Pour la plupart des habitants, même s’ils ont déjà entendu son nom, Alexandre Barro Chambrier demeure largement un inconnu. « C’est qui même ? », se demande Tony, jeune étudiant à Franceville. Et ceux qui le connaissent n’en n’ont pas pour la plupart pas une image positive. « Pour moi, je le dis clairement, c’est un traitre. Il était avec le PDG et puis quand on l’a sorti du gouvernement et qu’il a dû quitter le ministère des Mines, il est parti comme d’autres rejoindre l’opposition », vitupère Albert, retourné vivre à Okondja après sa mise en retraite de la fonction publique.
Ecran de fumée
Pour tenter malgré tout de faire parler de lui à l’occasion de cette tournée dans le Haut-Ogooué, l’équipe de communicants entourant Barro Chambrier en est réduit à monter en épingle dans les médias, à travers des publi-reportages stipendiés (comme sur le site d’information pro-opposition Gabon Review), des « incidents », selon les éléments de langage du RPM, qui se seraient déroulés à Okondja. En fait d’incidents, il s’agissait de quelques jeunes qui, dans une ambiance bonne enfant, ont scandé des slogans favorables au président Ali Bongo Ondimba à proximité du lieu où devait se tenir une rencontre entre le président du RPM et les habitants. Voilà tout.
Au passage, ce qu’oublient de dire les quelques médias en ligne qui ont fait paraitre des articles « sponsorisés », pour le dire pudiquement, c’est que lors de cette « rencontre », il y avait en tout et pour tout une… trentaine de personnes seulement ! On comprend dès lors l’empressement du RMP et ABC de créer un écran de fumée.
« Comment quelqu’un qui a été incapable de se faire élire député du 4ème arrondissement de Libreville peut-il espérer devenir président du Gabon ? »

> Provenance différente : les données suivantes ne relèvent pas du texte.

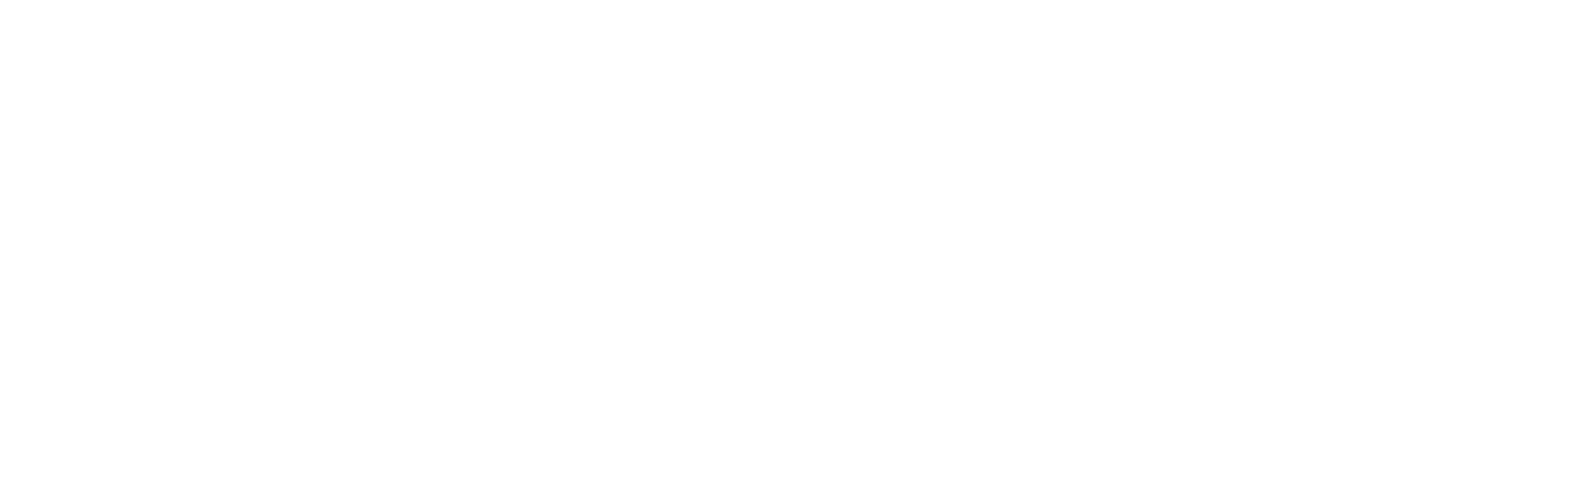 President Chain Store (PSCS) logo pour fonds sombres (PNG transparent)
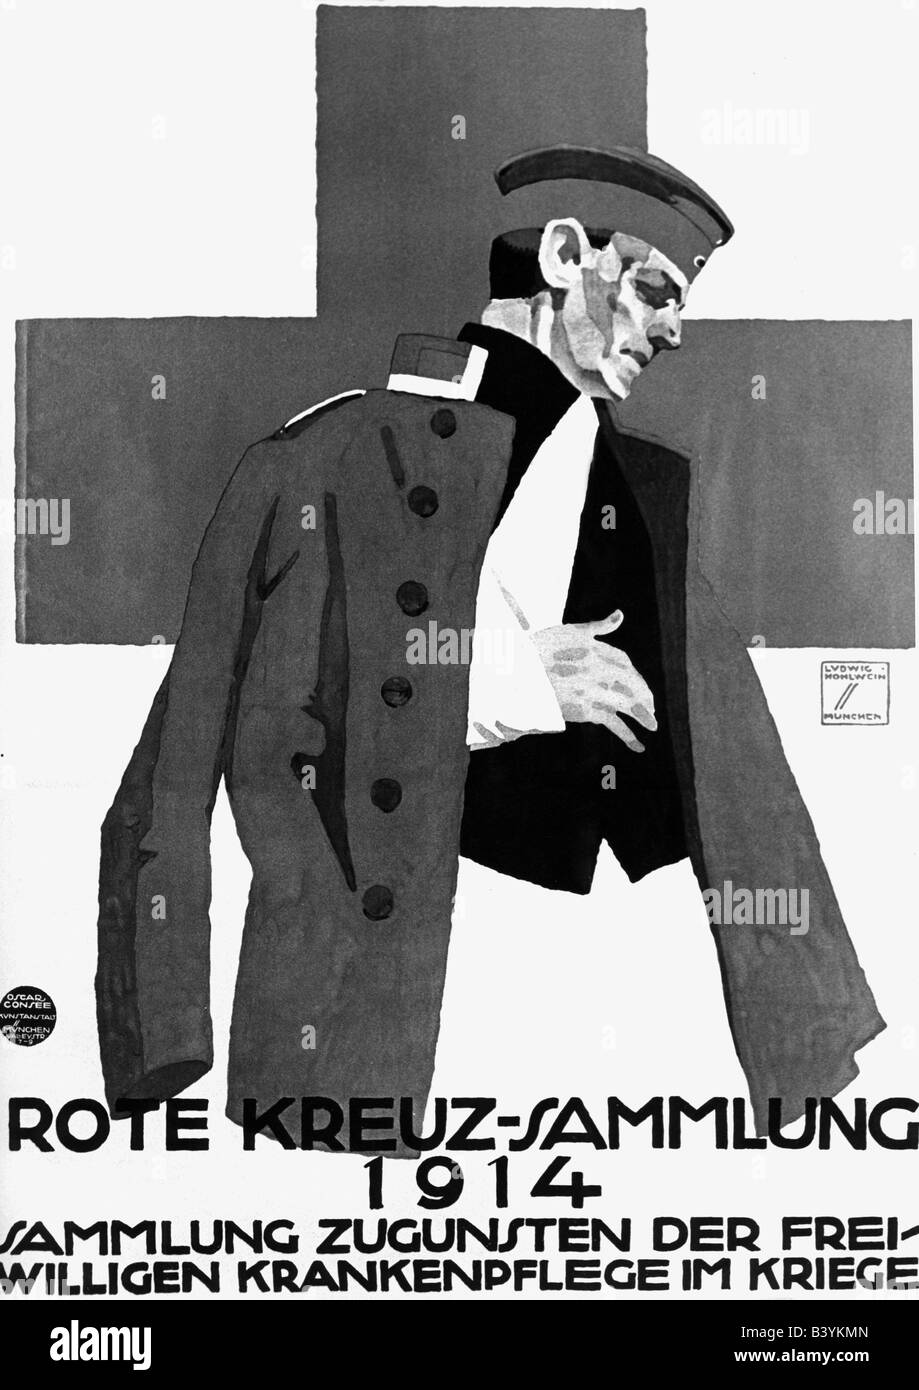 events, First World War / WWI, propaganda, poster 'Rote Kreuz-Sammlung 1914' (Red Cross collection 1914), Munich, Germany, 1914, Stock Photo

« C’est une technique classique », explique un spécialiste en communication politique. « C’est du même ordre si vous voulez que quand l’opposition gabonaise tente de faire oublier les querelles personnelles entre ses différentes figures, les départs aussi nombreux et spectaculaires qui sont intervenus dans ses rangs récemment, ou son absence de programme en tentant de déporter le débat sur une possible fraude électorale », analyse l’expert, en référence aux interventions récentes de Mike Jocktane et d’Alexandre Barro Chambrier à ce sujet.
Alors que le président du RPM poursuit sa tournée – au plutôt son chemin de croix – dans le Haut-Ogooué, Albert, notre retraité de la fonction publique retourné vivre à Okondja, s’interroge : « Comment quelqu’un qui a été incapable de se faire élire député du 4ème arrondissement de Libreville peut-il espérer devenir président du Gabon ? » On attend en effet la réponse.